Likely fearful of the less than upscale brand perception associated with Sears and Sears' recent purchase of Kmart, Nike has decided to stop selling its shoes at the mass retailer. Nike, apparently. does not want to associate it self with downmarket Sears. Some say it's a good thing and will allow Nike to continue as a hip, premium and expensive brand. Others, such as Sterling Group President Debbie Millman think it's not so smart saying, "It is surprising and incredibly short-sighted of Nike to pull their sneakers from Sears. This would have been the perfect opportunity to leverage the idea of a 'specially designed' sneaker for the retailer in an effort to capitalize on the current design-led economy we are living in, which is a good part of what is currently differentiating Target."
Ad Age's Jonah Bloom makes a solid argument why Miller should not retire its High Life man in favor of beer commercial dejour. Bloom says the campaign aligns more closely with the realities of beer drinkers and is a welcome offset to the metrosexualization of everything else. While bidding farewell to the campaign, Bloom hopes Wieden & Kennedy can replace it with something just as good.
Once upon a time, when a toilet bowl needed to be cleaned, there was a simple plastic-handled, nylon brush that, when combined with a bit of cleaning fluid, would do a perfectly good job removing accumulated body waste.
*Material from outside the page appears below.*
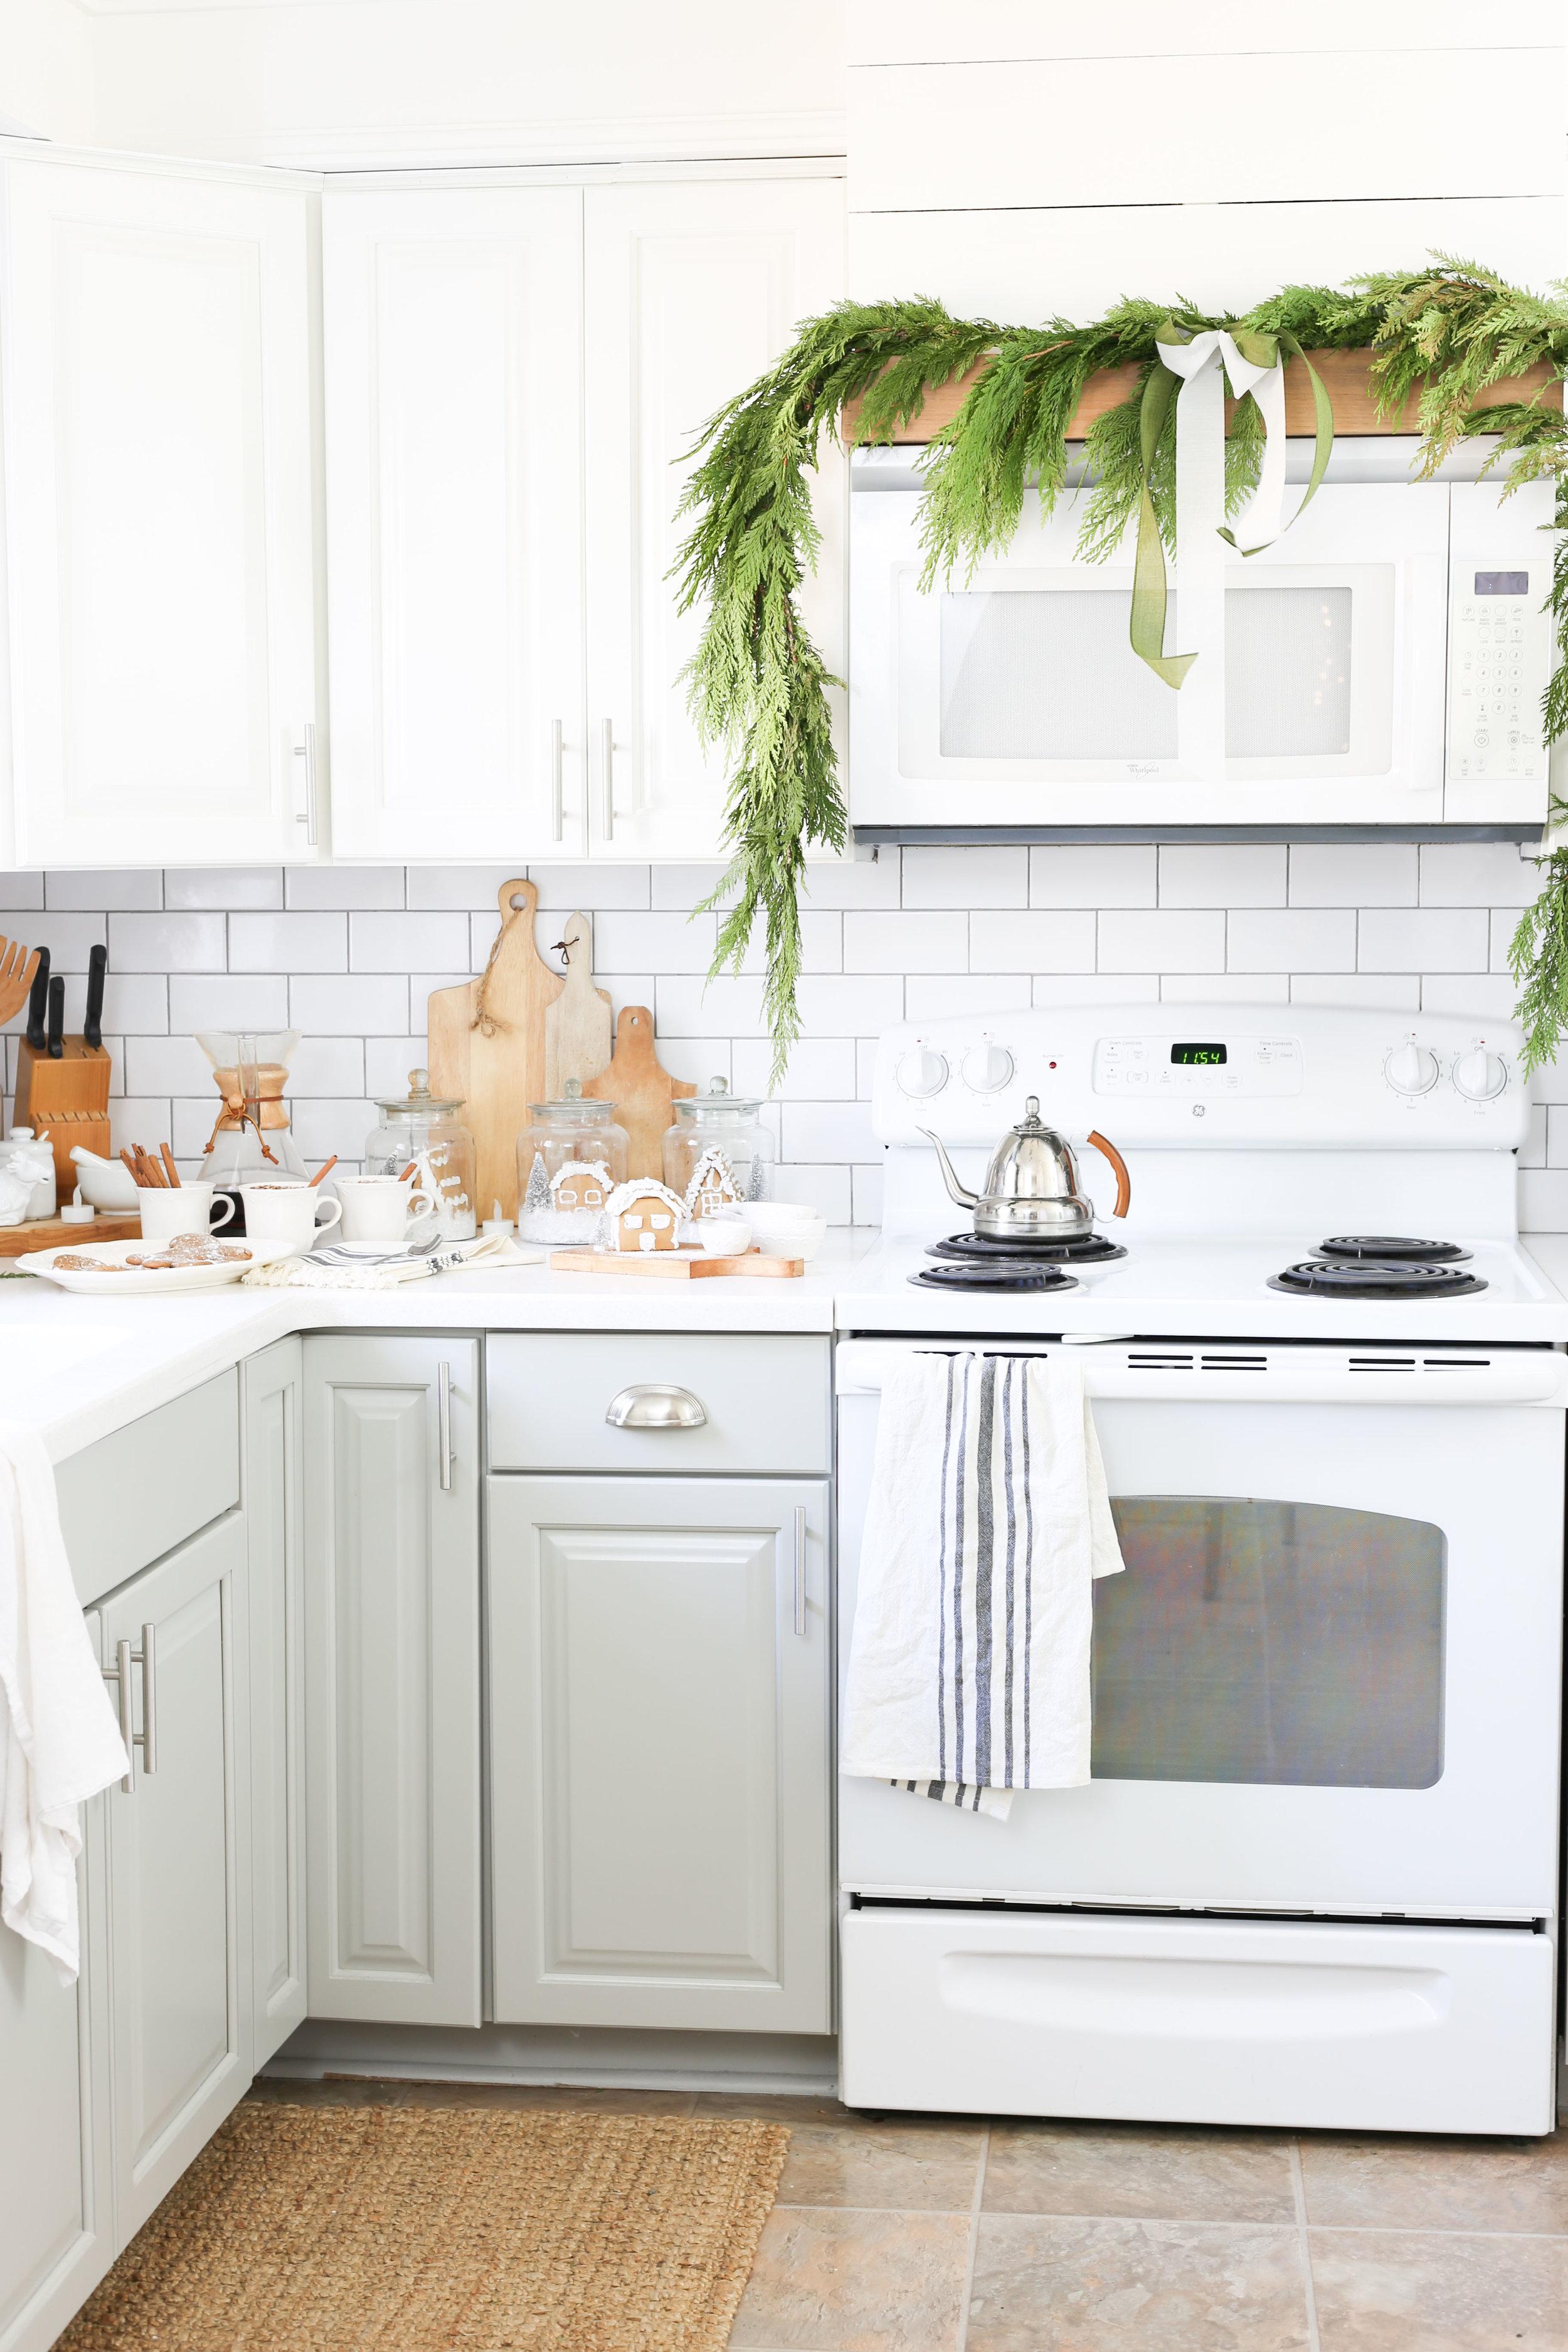 Christmas 2017 Home Tour: Deck The Blogs-Kitchen Christmas Decor with Live Cedar Garland and Gingerbread Houses- Plum Pretty Decor & Design's Christmas Home Tour

Now, marketers have seen fit, as they have with floor and counter top cleaning products, to produce and market throw away cleaning brushes that, while certainly less disgusting than the old permanent brushes, just make more trash to throw away, filling landfills, already bulging with all the other throw away products invented, seemingly, to make life easier but, in actuality, contribute to the destruction of natural resources.
In the face of that, Clorox and SC Johnson are fighting over who can manufacture more trash-generating toilet brushes better and faster with SC Johnson taking issue over claims made by Clorox which SC Johnson says denigrates its product. Apparently, SC Johnson was miffed over a Clorox commercial which poked fun at SC Johnson's "papery version of a toilet brush" and showed it blowing away in the wind while claiming the Clorox brush was preferred 3 to 1 over the SC Johnson brush. That claim was based on, according the National Advertising Division of the Council of Better Business Bureaus, flawed methodology. Clorox, ultimately, pulled its ad. Kinda makes that old, stinky, permanent brush seem a bit more hassle-free.